Verifying the PDSN Service for L2TP Support

These instructions are used to verify the PDSN service configuration.

Procedure

Verify that your PDSN is configured properly by entering the following command in Exec Mode in specific context: 

show pdsn-service name  pdsn_service_name

The output of this command is a concise listing of PDSN service parameter settings as configured.

Modifying APN Templates to Support L2TP

This section provides instructions for adding L2TP support for APN templates configured on the system.


Important

This section provides the minimum instruction set for configuring LAC service support on the system. For more information on commands that configure additional parameters and options, refer to the LAC Service Configuration Mode Commands chapter in the Command Line Interface Reference.
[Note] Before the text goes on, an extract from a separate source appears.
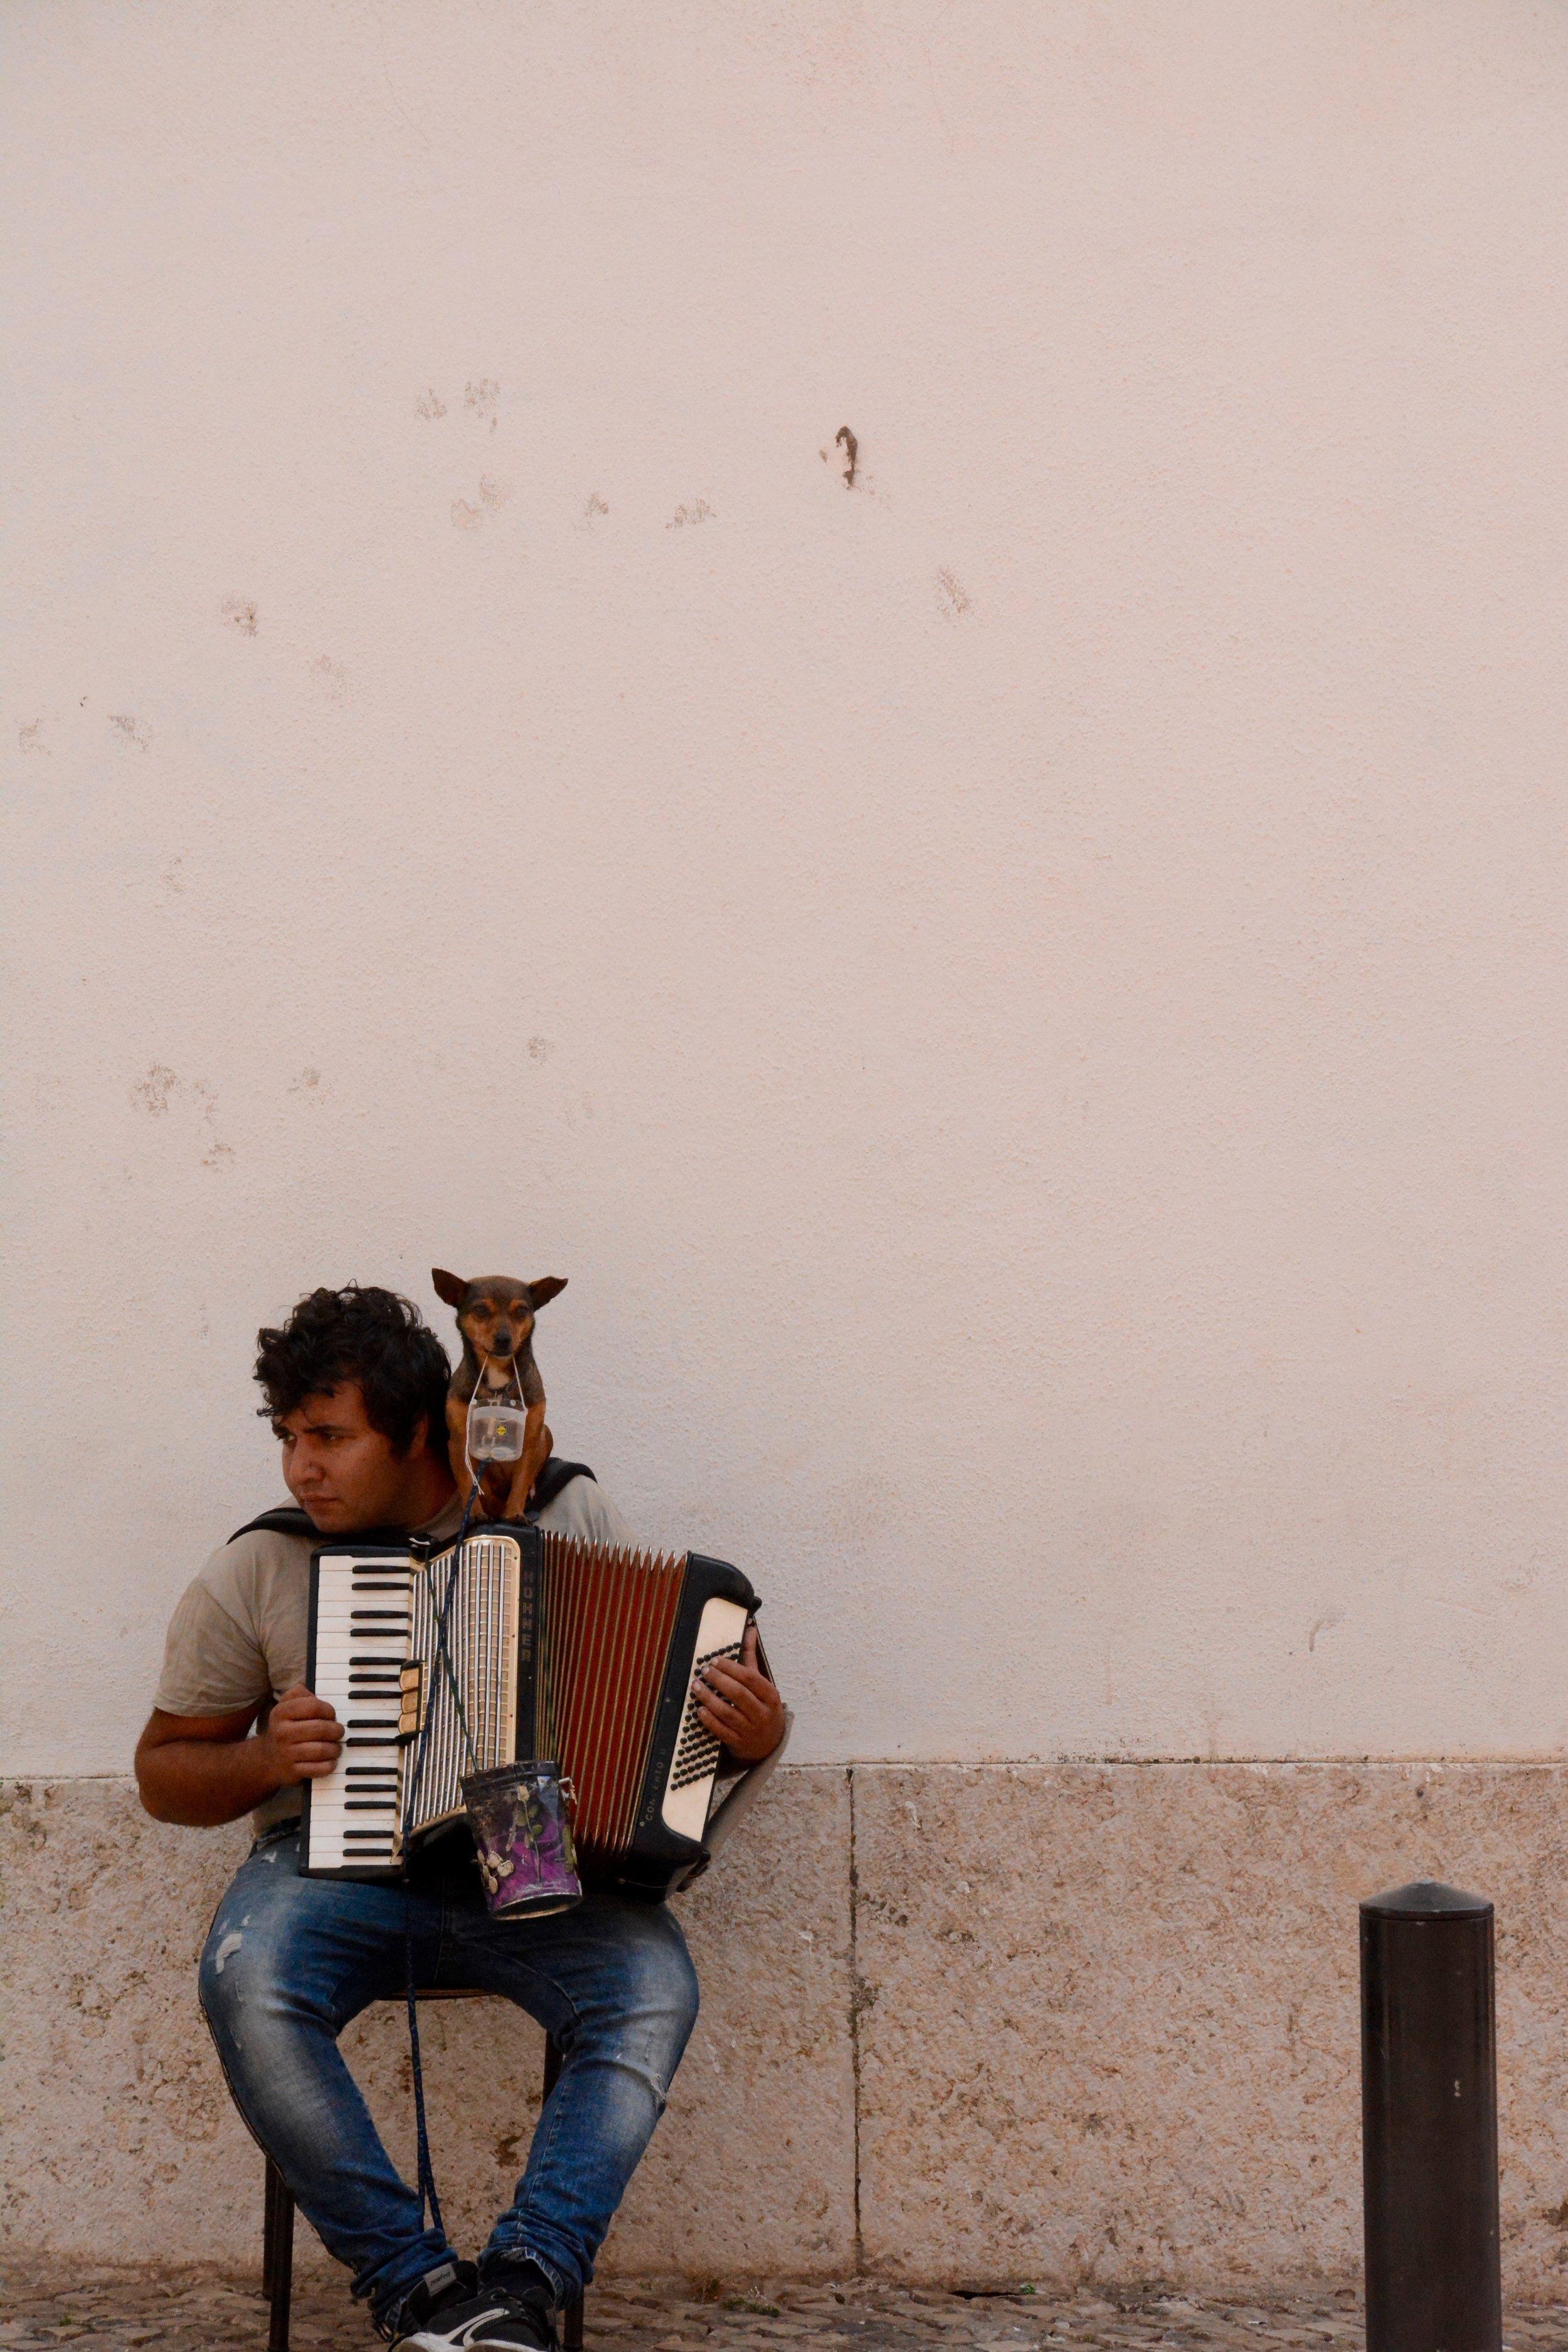 musician with dog.jpg

To configure the LAC services on system:

Procedure

Step 1

Modify the APN template to support L2TP with LNS server address and other parameters by applying the example configuration in the Assigning LNS Peer Address in APN Template section.

Step 2

Optional. If L2TP will be used to tunnel transparent IP PDP contexts, configure the APN\'s outbound username and password by applying the example configuration in the Configuring Outbound Authentication section.

Step 3

Verify your APN configuration by following the steps in the Verifying the APN Configuration section.

Step 4

Save your configuration to flash memory, an external memory device, and/or a network location using the Exec mode command save configuration . For additional information on how to verify and save configuration files, refer to the System Administration Guide and the Command Line Interface Reference.
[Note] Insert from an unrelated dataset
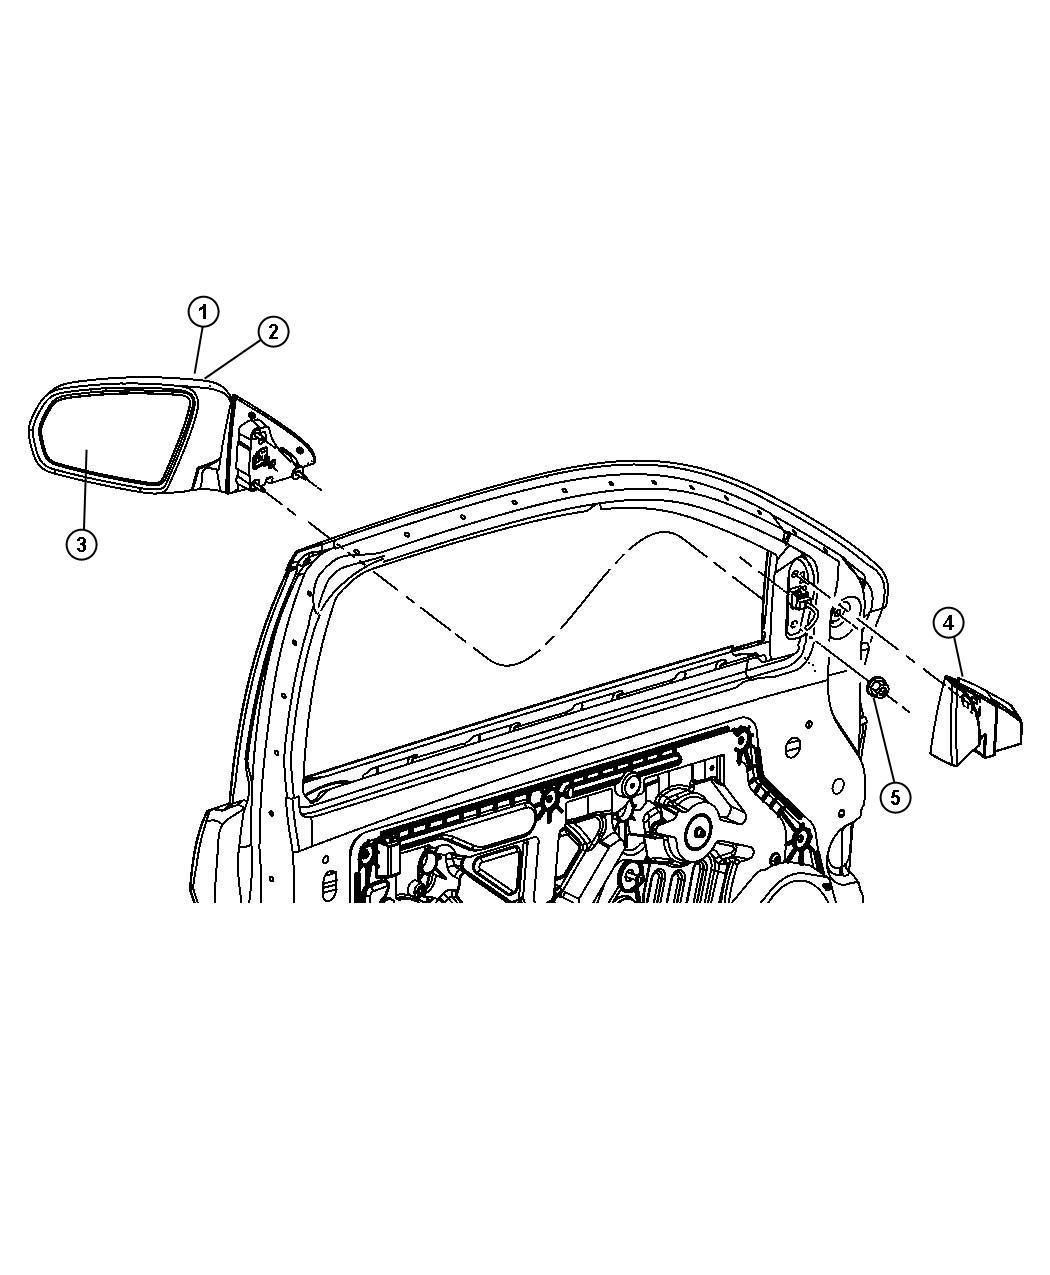 Chrysler Sebring Mirror Outside Rearview Right Color

Assigning LNS Peer Address in APN Template

Use following example to assign LNS server address with APN template: 

configure  
   context  <dst_ctxt_name> [-noconfirm ] 
      apn  <apn_name> 
         tunnel l2tp [ peer-address  <lns_address> [ [ encrypted ] secret  <l2tp_secret> ] [ preference  <integer> ] [ tunnel-context  <l2tp_context_name> ] [ local-address  <local_ip_address> ] [ crypto-map  <map_name> { [ encrypted  ] isakmp-secret  <crypto_secret> } ] 
         end
Notes:

  • <dst_ctxt_name > is the name of system destination context in which the APN is configured.
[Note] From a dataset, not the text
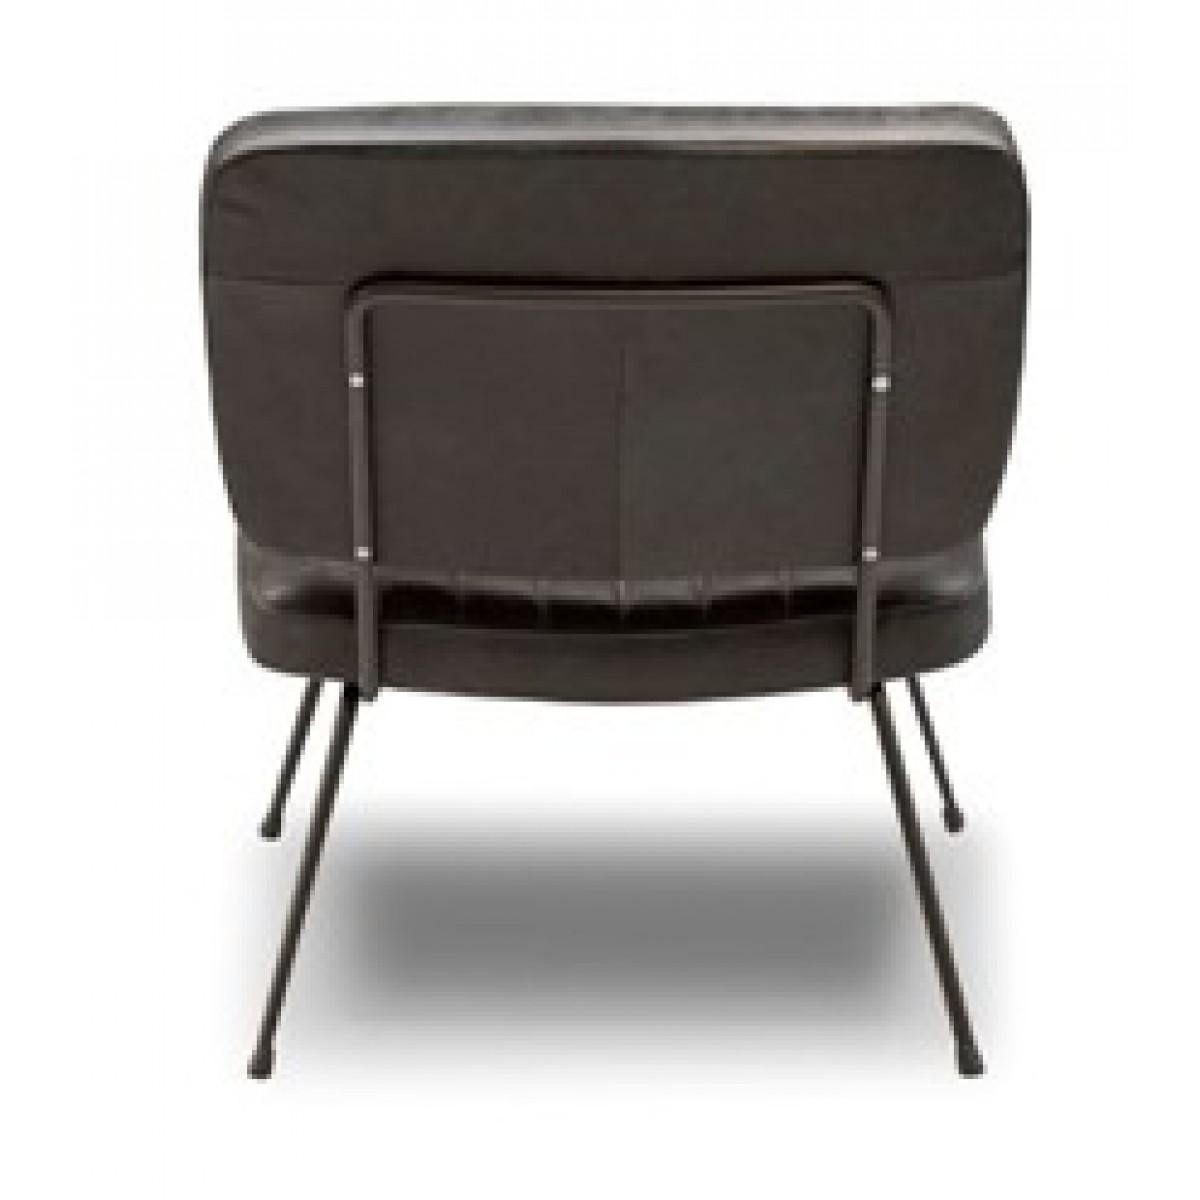 cocktail-fauteuil-leer-het-anker-miltonhouse-achter

  • <apn_name > is the name of the pre-configured APN template which you want to modify for the L2TP support.

  • <lns_address > is the IP address of LNS server node and <local_ip_address > is the IP address of system which is bound to LAC service.

Configuring Outbound Authentication

Use the following example to configure the LNS peers and load balancing between multiple LNS peers: 

configure  
   context  <dst_ctxt_name> [ -noconfirm  ] 
      apn  <apn_name> 
         outbound { [ encrypted ] password  <pwd> | username  <name> } 
         end
Notes:

  • <dst_ctxt_name > is the destination context where APN template is is configured.

  • <apn_name > is the name of the pre-configured APN template which you want to modify for the L2TP support.

Verifying the APN Configuration

These instructions are used to verify the APN configuration.

Procedure

Verify that your APN configurations were configured properly by entering the following command in Exec Mode in specific context: 

show apn name  apn_name
The output is a concise listing of APN parameter settings as configured.